Related: The Entity Framework in Action
There are two ways to look at Entity Framework. One is to look at Entity Framework as a plain replacement for ADO.NET and raw SQL code. The other way to look at Entity Framework goes deeper and presents Entity Framework as some of the necessary plumbing for an application design centered on the true internal mechanics of a business domain. Yes, this is just what the popular acronym DDD, short for Domain-Driven Design, is all about.
From DDD to Entity Framework
Unless you have spent years caged in a dark and disconnected cave or in the middle of a rainforest, at the very minimum, you should have heard about DDD. What is it all about? Regardless of what most short executive summaries show, DDD is just what its expanded name says: design of a software system driven by the actual business domain. So what’s really new? Isn't this just the way we’ve always been supposed to write software? You talk to end users, collect requirements, arrange a model, and build the application. In which way is DDD different? And what’s the role of Entity Framework in this context?
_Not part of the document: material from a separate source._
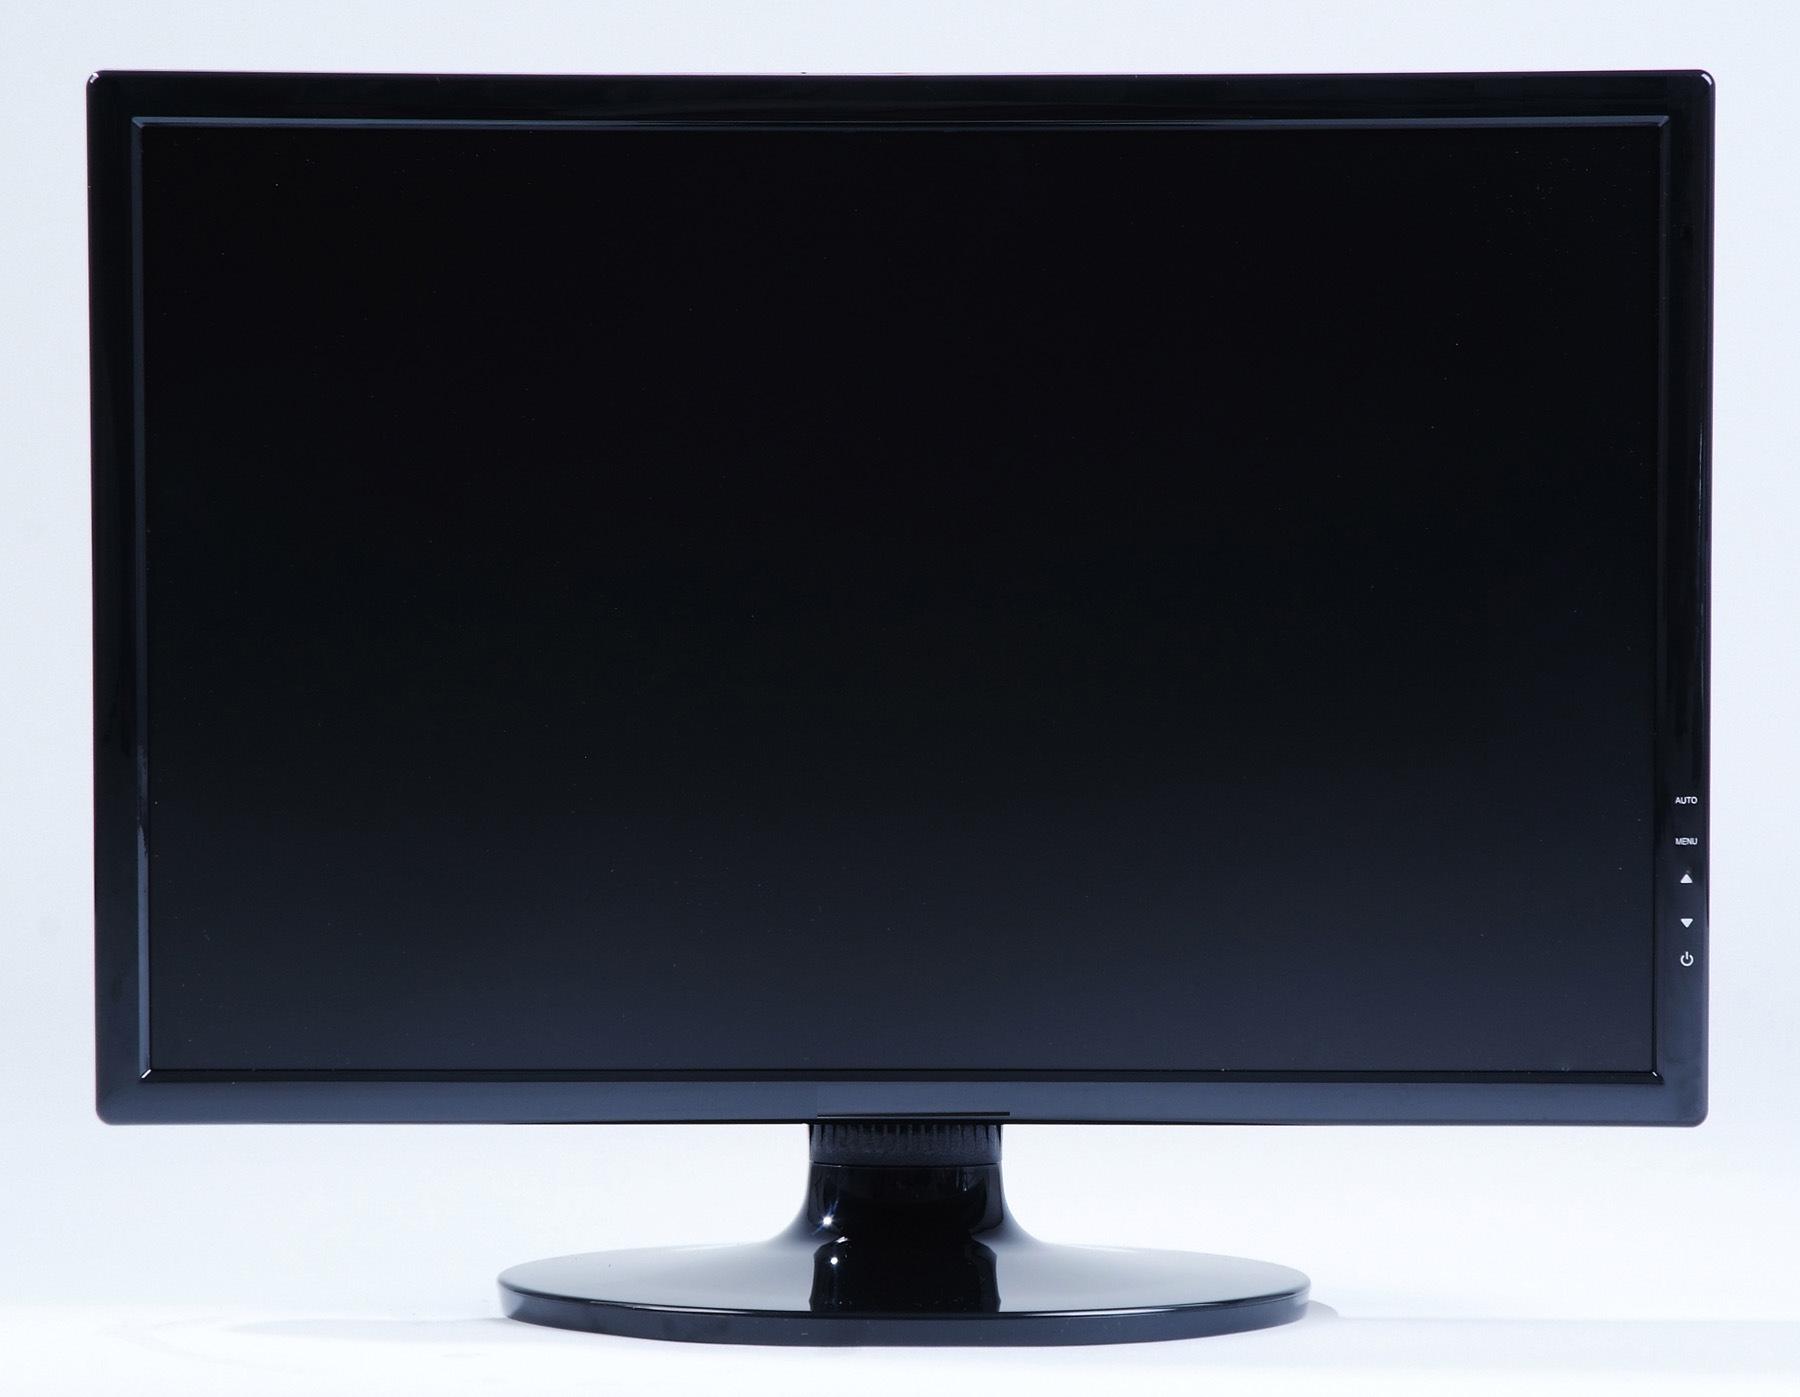 Led Display Monitor

The strategy above never fully worked. The strategy is clear, effective, and well-defined. But its implementation rarely produced software within expected time and budget. As I see it, the traditional strategy didn't work for two main reasons:
Problems understandings requirements
Designing the model
DDD offers a comprehensive approach to address both problems. I recommend a look at Chapter 5 of my book "Microsoft .NET: Architecting Applications for the Enterprise," 2nd Ed., Microsoft Press (2014), for a deep look into what DDD really is and how it addresses both problems in detail.
In short, DDD suggests you invest a lot of time understanding the mechanics of the domain, the language used by domain experts, and actual processes. As an architect or developer, you don’t have to change processes—that’s not your job. You have to replicate process and, in doing so, implement the most efficient algorithms. DDD is not strictly related to code, although its final destination is just having you produce a working software system. DDD is mostly about modeling. A landmark of DDD is the concept of a bounded context. A bounded context is a segment of the system that stands alone and can be designed and implemented in isolation using the technologies that best fit. In a system designed following DDD guidelines, each bounded context is planned using the technologies and approaches that best fit the skills and attitude of developers. For example, imagine a booking website.
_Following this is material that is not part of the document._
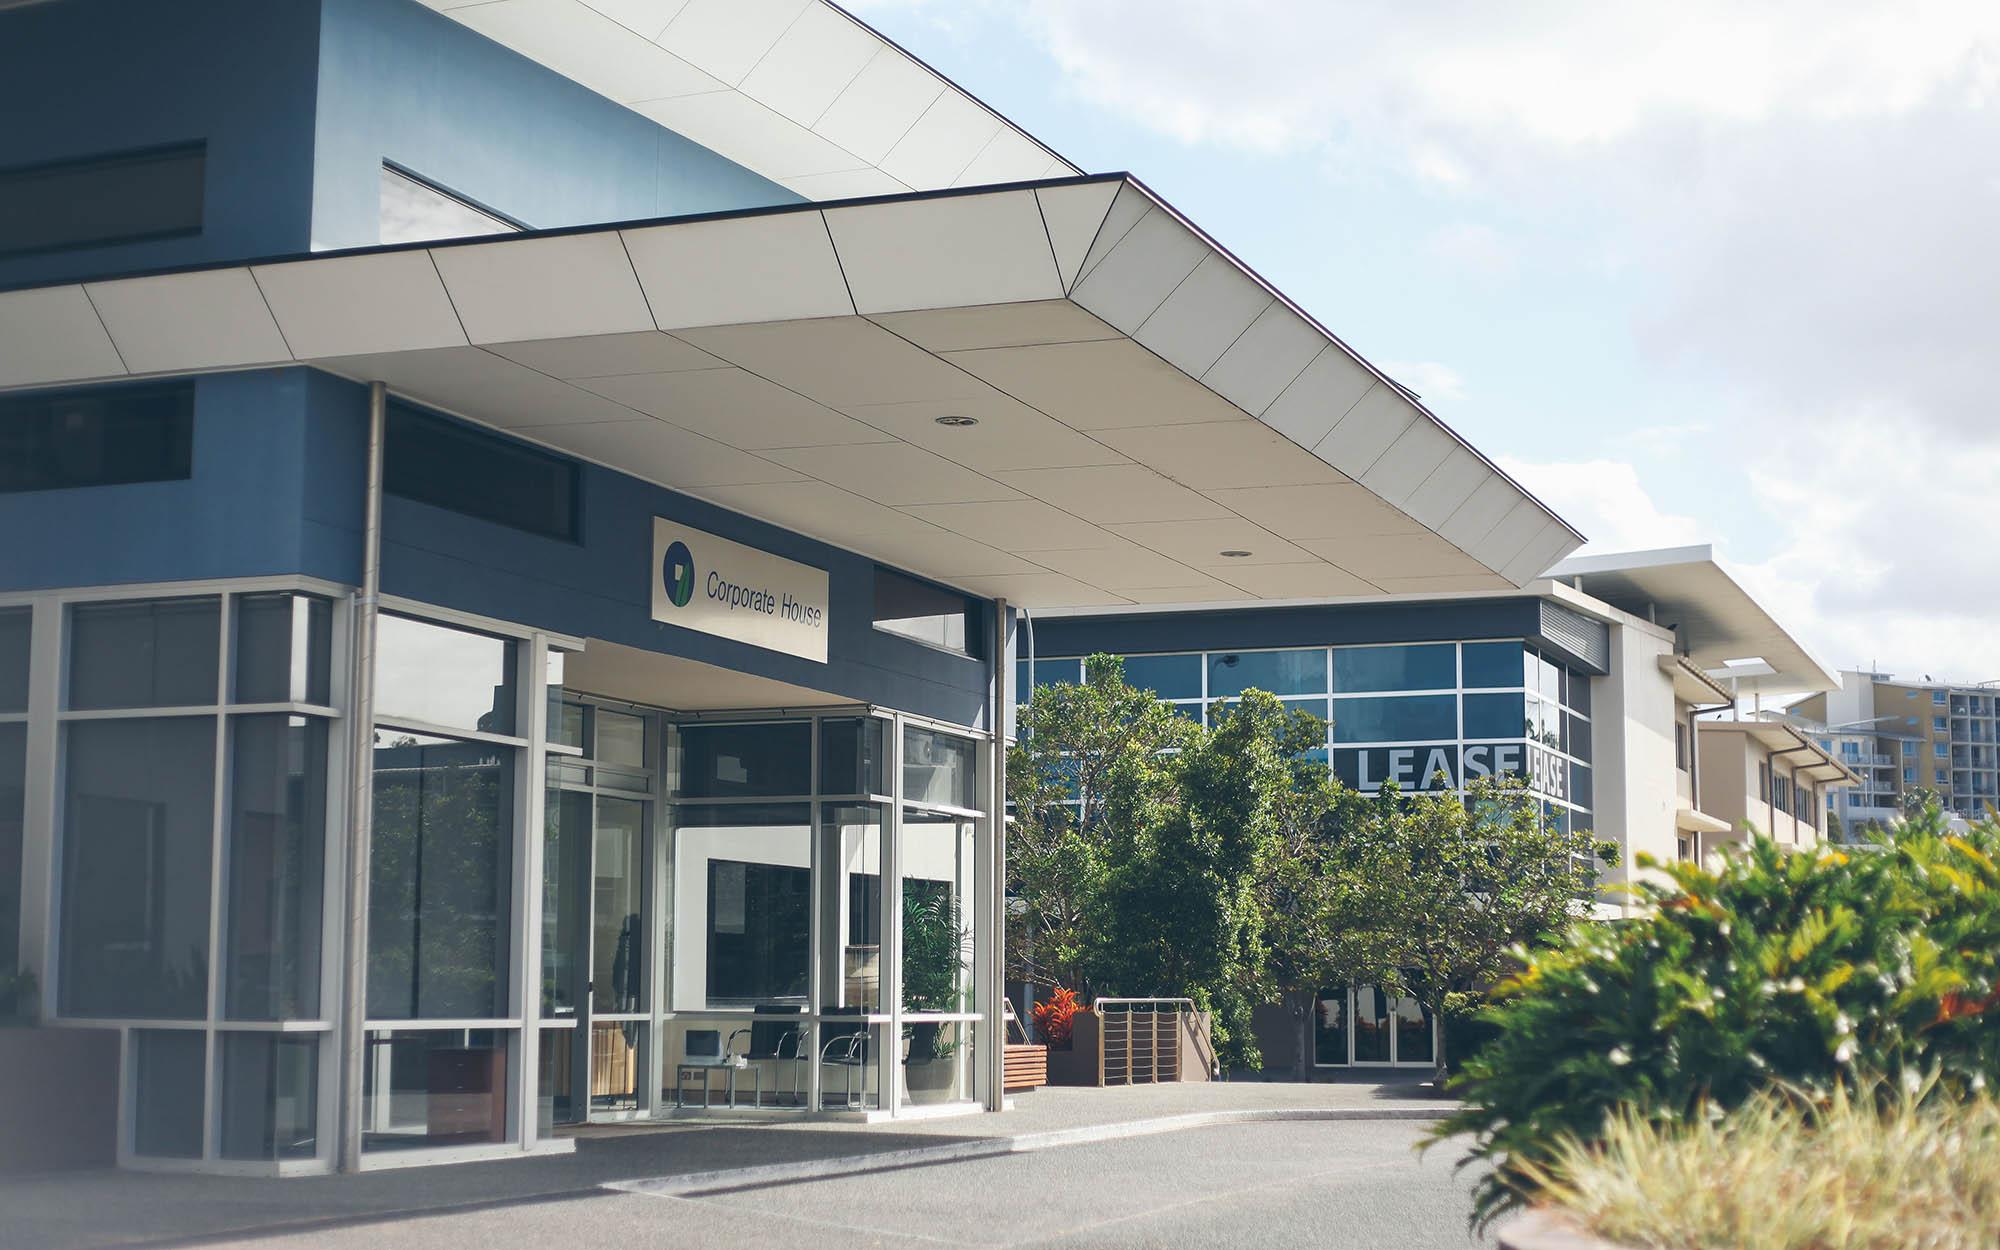 3 - Varsity Lakes and Robina Conveyancing - Property Law Gold Coast

The site will have a front end dedicated to actual users where they see allowable slots and resources and make their choice and confirm. In addition, there will likely be another bounded context where administrators of the site enter rules and settings. The admin bounded context has nearly no business logic or, at most, it has business logic related to plain CRUD operations—things like cascading rules, foreign-key relationships, and various data constraints. In most cases, it' stuff you can easily control at the database level. And the database can easily be a plain classic relational database.
The core of the site, instead, has more sophisticated logic. In addition, its logic that can be little understood, misunderstood, or just change frequently. A design that raises the level of abstraction from data to objects is probably more suitable and maintainable than a fixed schema of tables. Separation between contexts is key—in this way, the complexity of each context is kept to a minimum. Entity Framework is a plain tool that takes an object model and saves it to a relational database. By using Entity Framework, and exploring its potential, you can start a learning curve that evolves you from the level of a plain database developer to architect. Let’s look at the top five reasons why Entity Framework can make you a better and more powerful developer.
1. Shield Yourself From SQL
SQL happens. As a database developer, you probably built a career on your SQL skills. Quite likely, nothing in SQL really scares you so why on earth should you be moving away from SQL to embrace Entity Framework? I think it’s a general point that may not apply to any individual developer, but still remains valid as a global strategy. Overall, I believe it's a matter of expressivity, productivity, and maintainability. In addition, it's also a safer and more reliable option for all those who don’t manage the SQL language that well; or that simply don’t feel totally comfortable with it.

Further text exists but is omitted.